El Kaide, gelecekteki savaşçıların psikolojik hazırlıklarına büyük önem veriyor. Bir insan, bir işi yaparken veya savaşta ölümün bir kayıp olmadığı, ancak her inanan için çaba göstermesi gereken bir şans ve şans olduğu düşüncesi ile telkin edilir. Bu grup ilk kez intiharların eğitimini "akıntıya soktu". Ayrıca yeni üye alımı için devasa ve çok etkili bir sistem yaratıldı. Bu amaçla, El Kaide aktif olarak en son iletişim teknolojilerini kullanıyor: İnternet, sosyal ağlar.

El Kaide'nin küreselleşmeye aktif bir biçimde karşı çıkmasına rağmen, bu küreselleşmenin meyvelerini kendi amaçları için kullanıyor.

fon

El Kaide çeşitli kaynaklardan finanse edilmektedir. Bunlardan en önemlilerinden biri bireylerden ve çeşitli organizasyonlardan gelen özel bağışlardır. Çok fazla miktarda değil, çoğu zaman birkaç ülkede bir hesaptan diğerine transfer edildiğinde oldukça karmaşık (ve gelişmiş) bir para transferi planı vardır. Ön şirketler sıklıkla kullanılır.

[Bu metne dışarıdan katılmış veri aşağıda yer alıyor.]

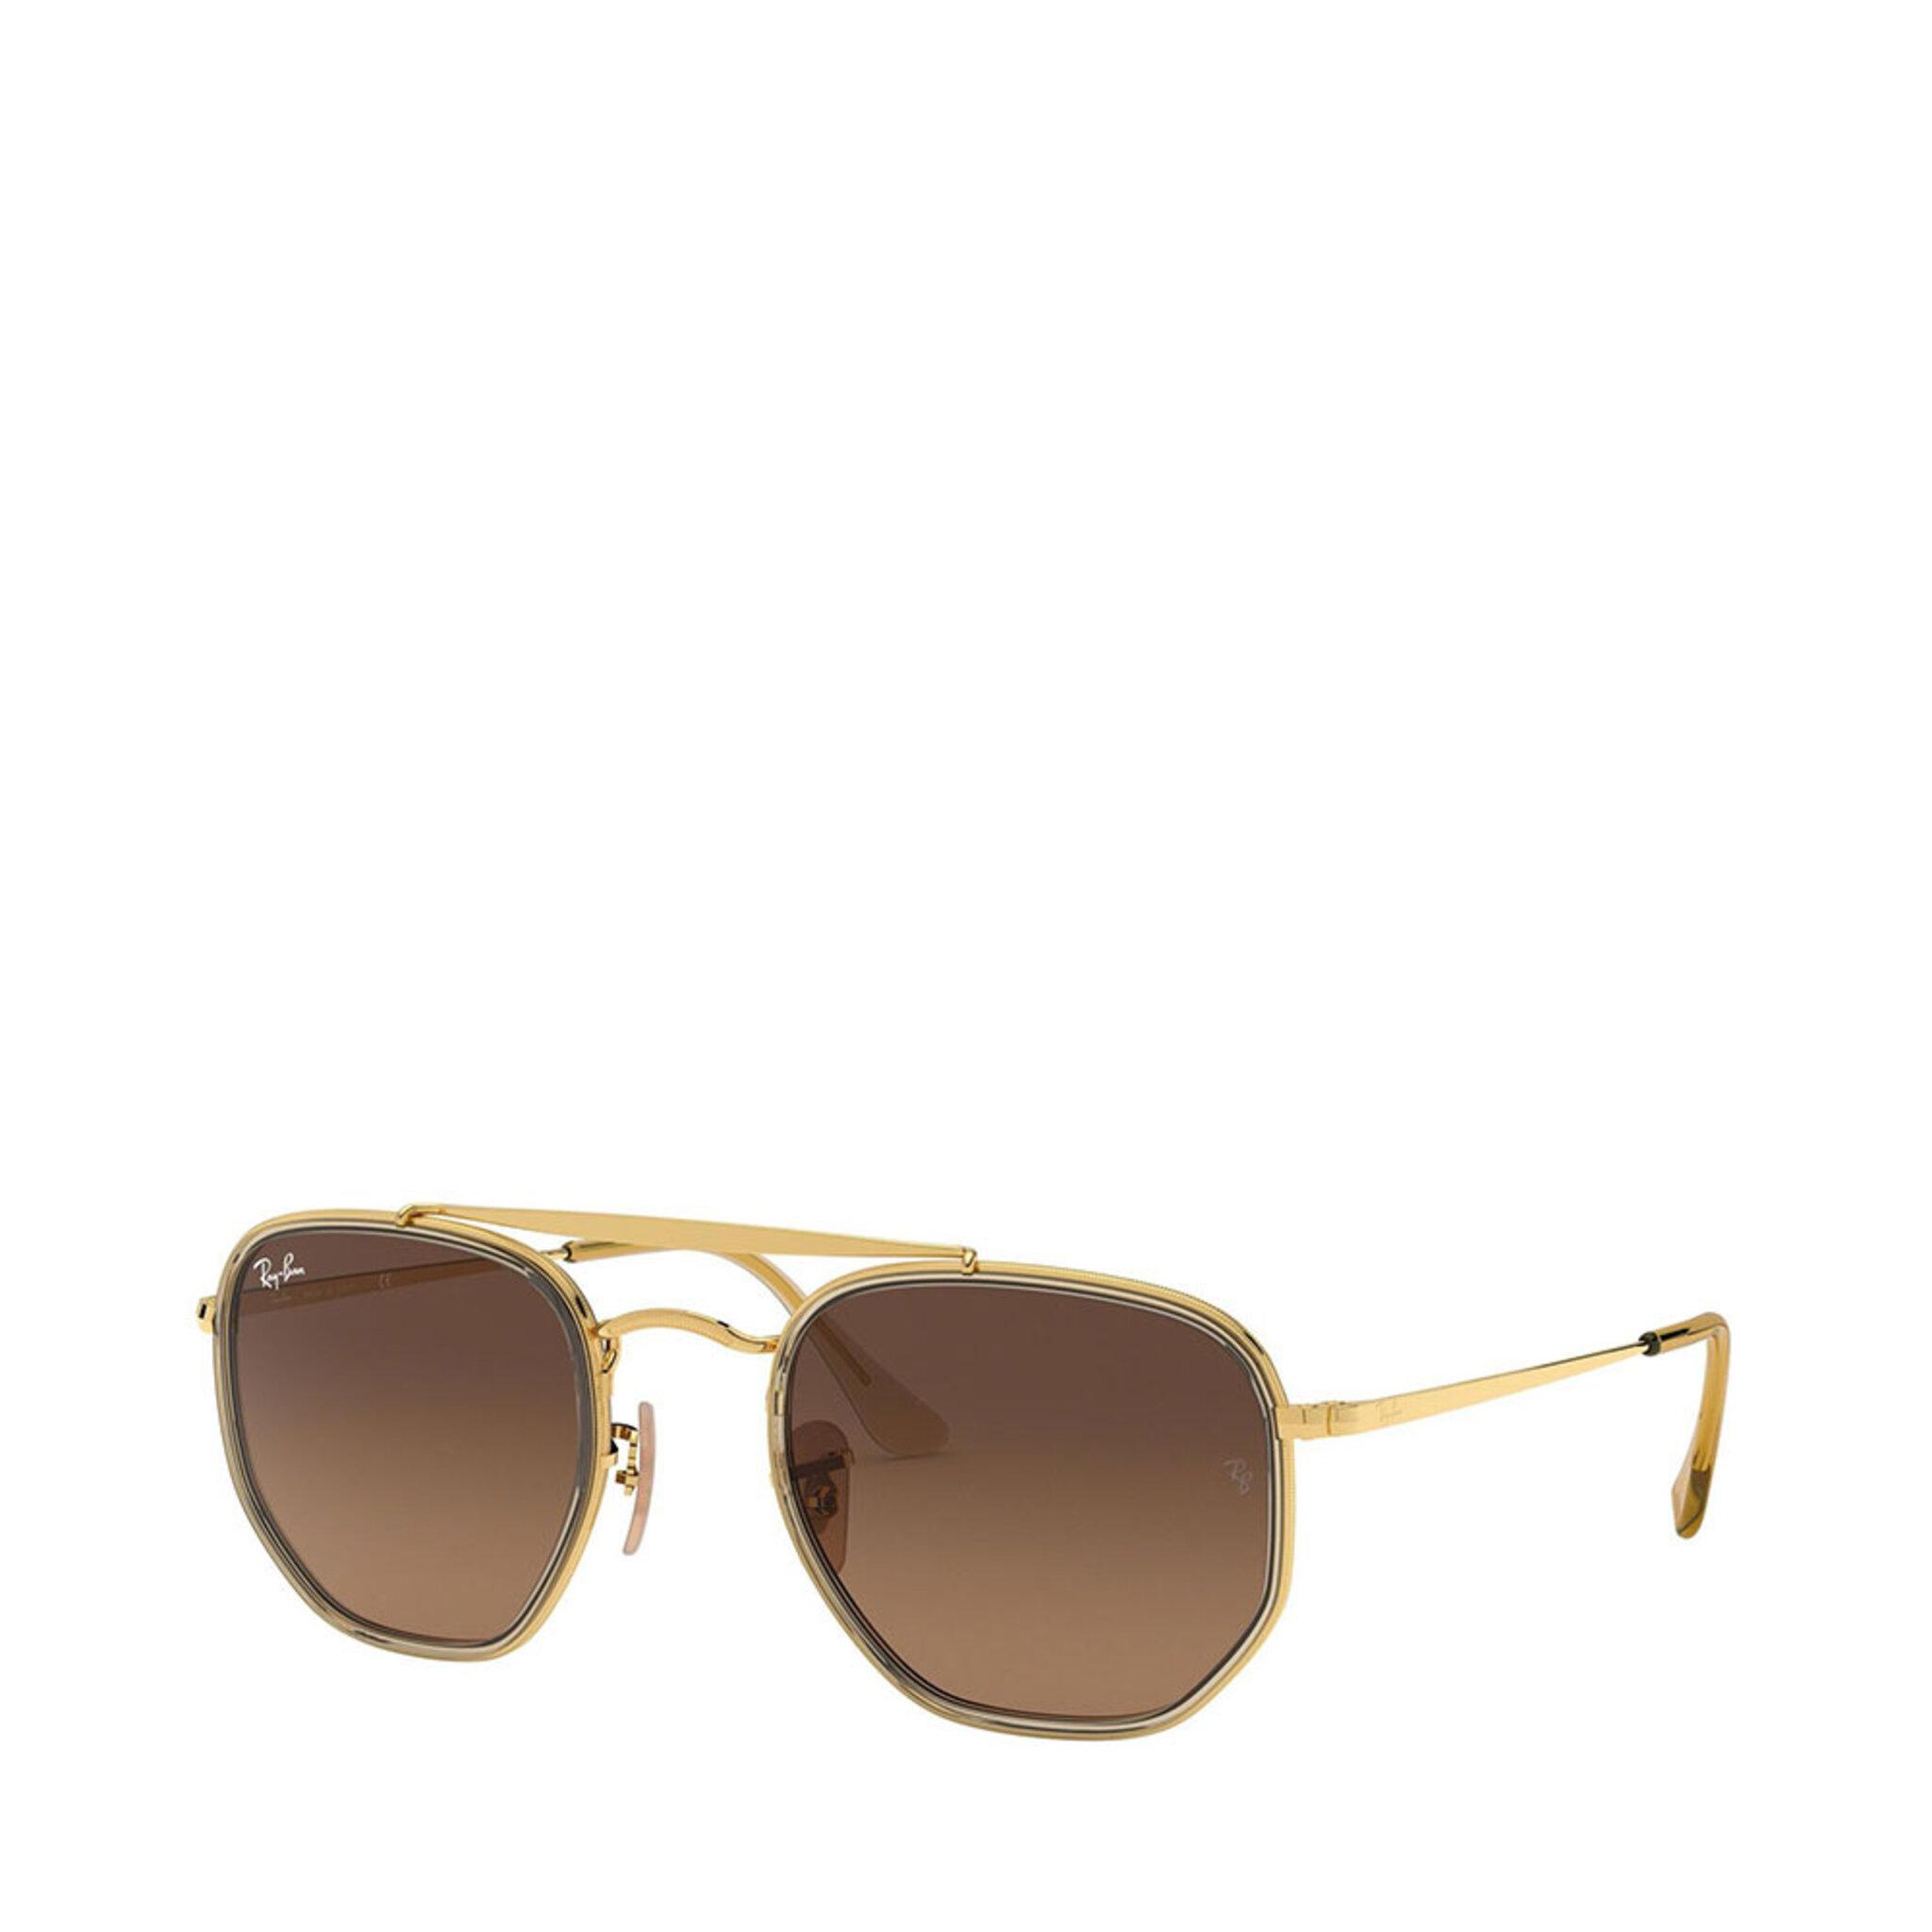 Sunglasses THE MARSHAL II

El Kaide için bir başka güçlü gelir kaynağı da, uyuşturucu kaçakçılığı. Uzman tahminlerine göre, kuruluş bu tür yasadışı faaliyetlerden gelirlerinin% 40'ını alıyor. Bağışlar yaklaşık% 30'unu oluşturuyor, gerisi diğer yasa dışı faaliyetlerden (kaçakçılık, madenlerde yasadışı ticaret, insan kaçakçılığı, diğerleri) geliyor. Adaylar aracılığıyla fonların bir kısmı yasal işe yatırım yaptı: bankalar, gıda üretimi, ekipman, ticaret.

Son yıllarda El Kaide’nin mali durumunun önemli ölçüde kötüleştiği not edilmelidir. Dolayısıyla, en azından birçok uzman inanıyor.